Retrouvée presque intacte lors des fouilles de 1966 réalisées au palais ruiné de Kubadabad à Beyşehir, cette assiette unique, réalisée selon la technique du soufflage libre, décorée d'émail et de dorure, a pu être datée grâce à l’inscription en calligraphie sülüs souhaitant au sultan seldjoukide Giyaseddin Keyhüsrev (r :1237-1246) santé et appétit. On y distingue également une bordure végétale stylisée.
D’autres fouilles se poursuivent depuis 1980 dans ce
palais construit pendant le règne d’Alaeddin Keykubad (r:1221-1236) et on y a
retrouvé quantité de céramiques colorées mais aussi d’autres pièces en verre. Ici des gobelets et des verres à pied.
La reproduction d’une miniature extraite de l’ouvrage Surname, livre de la fête de la circoncision
impériale consacré tant aux préparatifs qu’aux festivités données à l'occasion
de la circoncision du prince Mehmed, fils du sultan Murat III, qui durèrent 52
jours et 52 nuits en 1582, illustre ici la
parade de la guilde des verriers. Le sultan, en compagnie de divers personnages
assis dans la galerie des spectateurs, assiste au défilé qui se déroule sur la
place de l’hippodrome depuis un balcon fermé de la salle d'audience du palais
d'Ibrahim Pacha. Les verriers présentent des objets déjà réalisés, mais aussi
les différentes étapes de la production du verre et les outils qu'ils utilisent
ainsi que le four monté sur un chariot.
Lors des fouilles de sauvetage réalisées en 2004/2011 à
l’occasion des excavations pour la station Sirkeci du Marmaray, une grande
quantité de tessons de vaisselle de verre ont été exhumés correspondant à une
fabrication de cette époque.
Lâledan et Gülâbdan, des
formes spécifiques à la production ottomane du 16e et 17e
siècles. Les premières sont des soliflores
destinés à recevoir une seule tulipe et les secondes sont des flacons à eau de
rose.
Nous entamons ensuite un secteur de la visite plus sensible
apparemment et la vigilance des gardiens se fait plus pressante pour rappeler que
les photos sont interdites, alors qu’une certaine tolérance avait été accordée
dans les salles précédentes.
Cela concerne principalement les arts de la table
ottomane avec profusion de vaisselle en cristal, et divers objets décoratifs et
précieux (lustres, vases, flacons, pichets et lampes à gaz…) produits localement
ou spécialement par les plus prestigieuses cristalleries européennes (Baccara, Bohème,
Murano) pour les palais ottomans.
Les restrictions photographiques semblent décidemment se multiplier
au fil des ouvertures de musées concernant la période ottomane. Ce fut le cas
au pavillon de Maslak, mais de façon moins stricte au palais Yıldız dans la mesure où la circulation des visiteurs n'était pas ralentie.

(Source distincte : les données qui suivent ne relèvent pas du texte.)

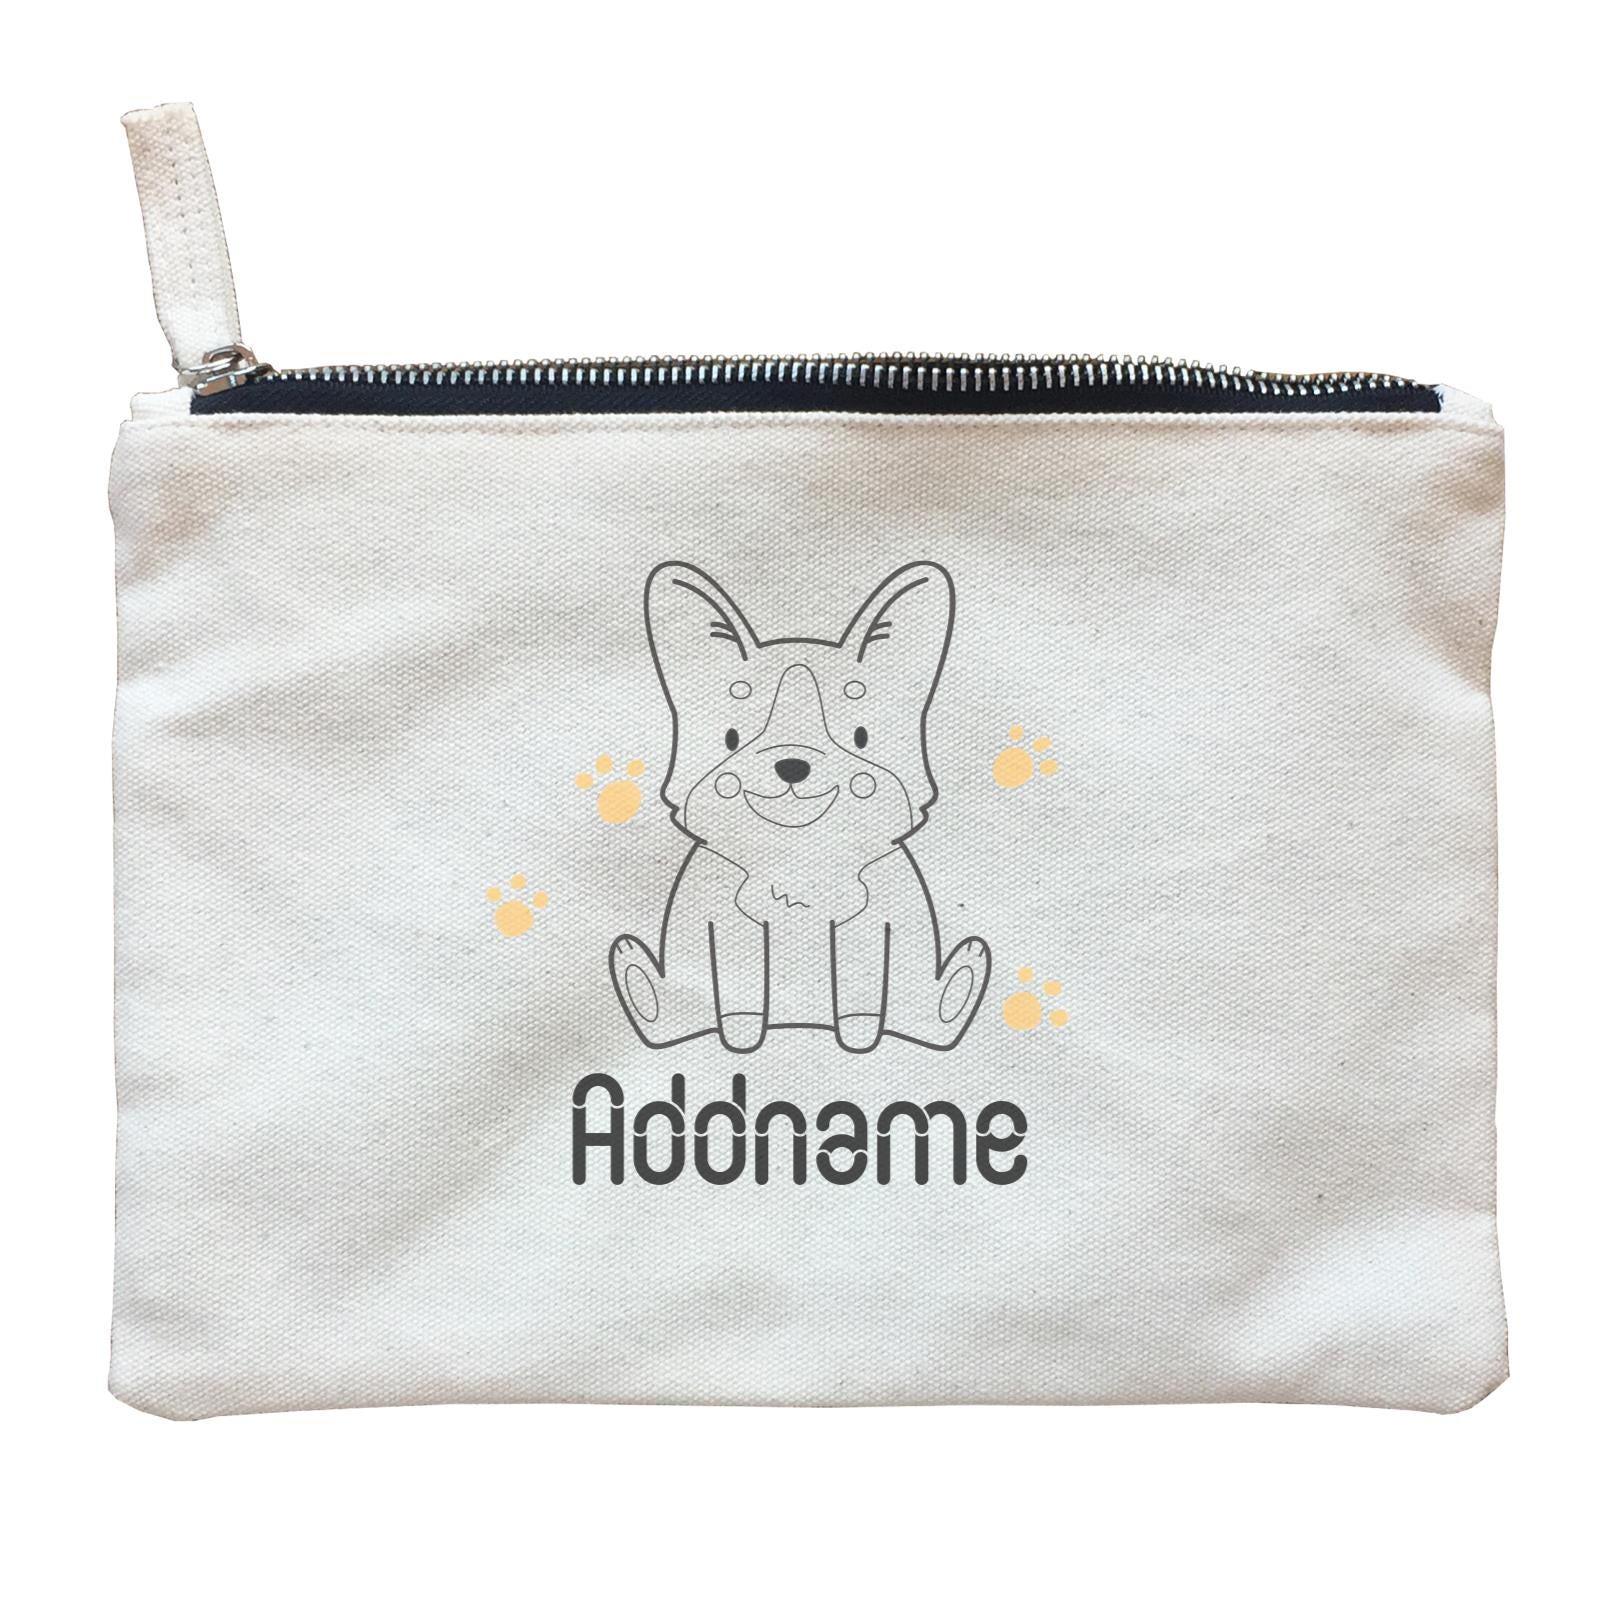 Coloring Outline Cute Hand Drawn Animals Dogs Corgi Addname Zipper Pouch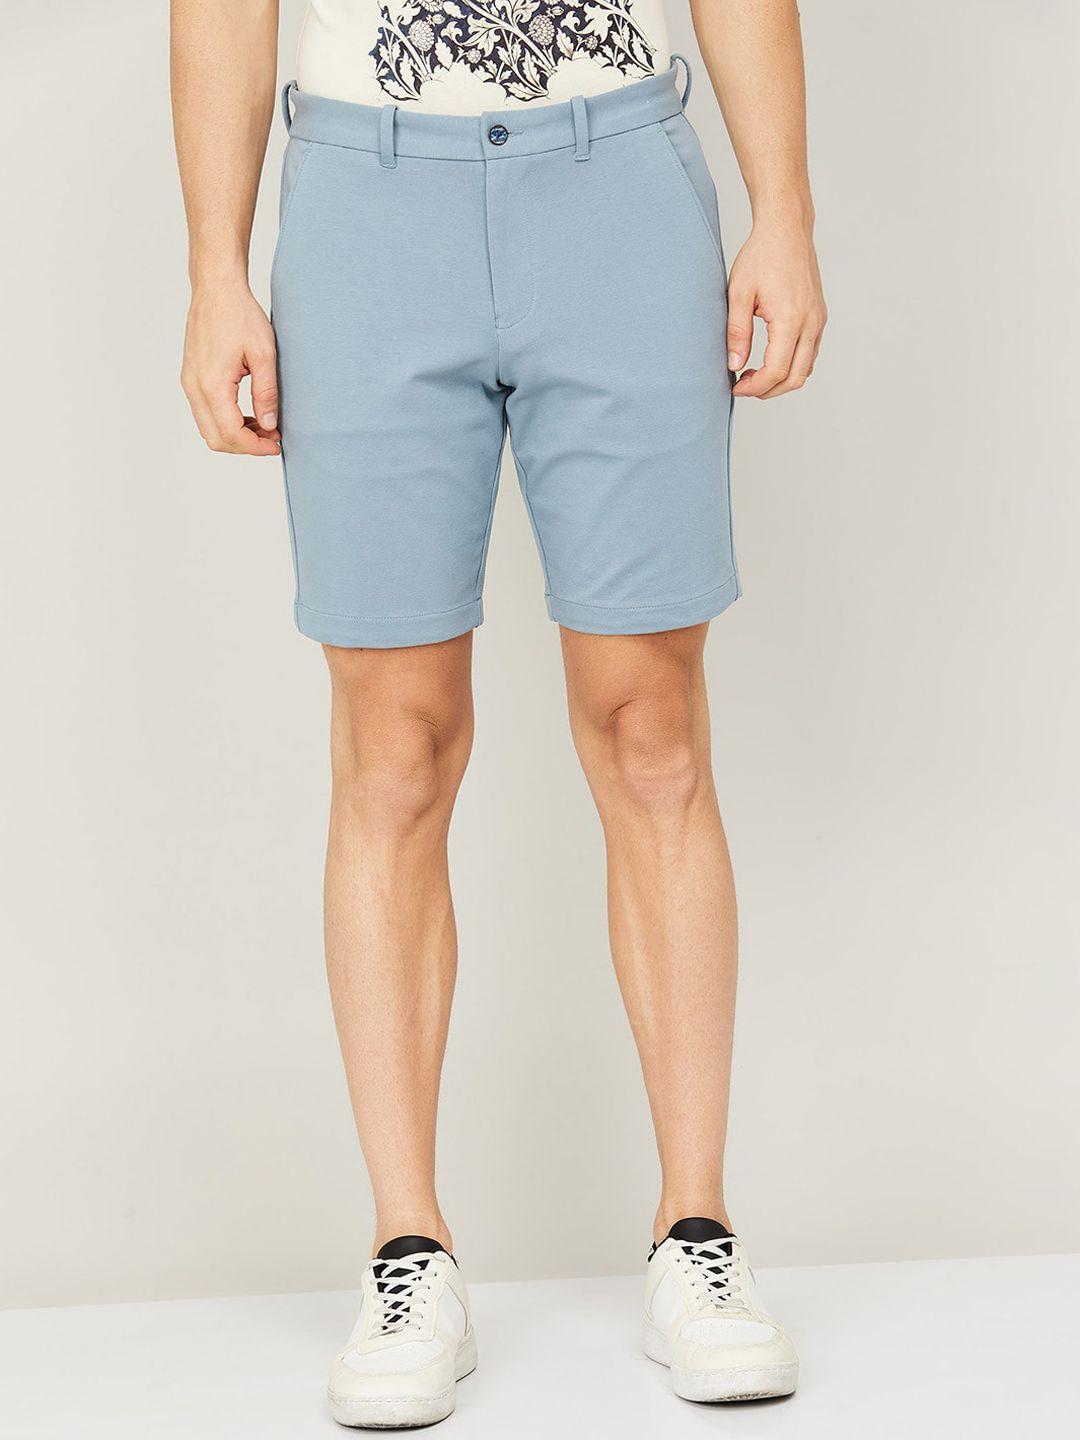 code by lifestyle men mid-rise above knee shorts

Il a fallu un peu de patience pour subtiliser discrètement
celles qui suivent.
Un lampadaire d’intérieur en fer forgé et verre illustrant
une fable de La Fontaine, Le Renard et
les Raisins. Début du 20e siècle.
Le terrain qui entourait la propriété à sa construction a été en grande partie conservé avec ses 117 essences arboricoles pour certaines inexistantes dans la capitale ottomane et constitue un jardin botanique historique dans les allées duquel il fait bon prolonger la visite après une pause à la cafeteria du musée.
Adresse: Merkez Mahallesi, Mehmet Yavuz Caddesi, n° 115 ;
Beykoz/Istanbul
Le musée est ouvert entre 9h et 18h, et fermé le lundi
Merci pour cette belle balade, très envie d y aller.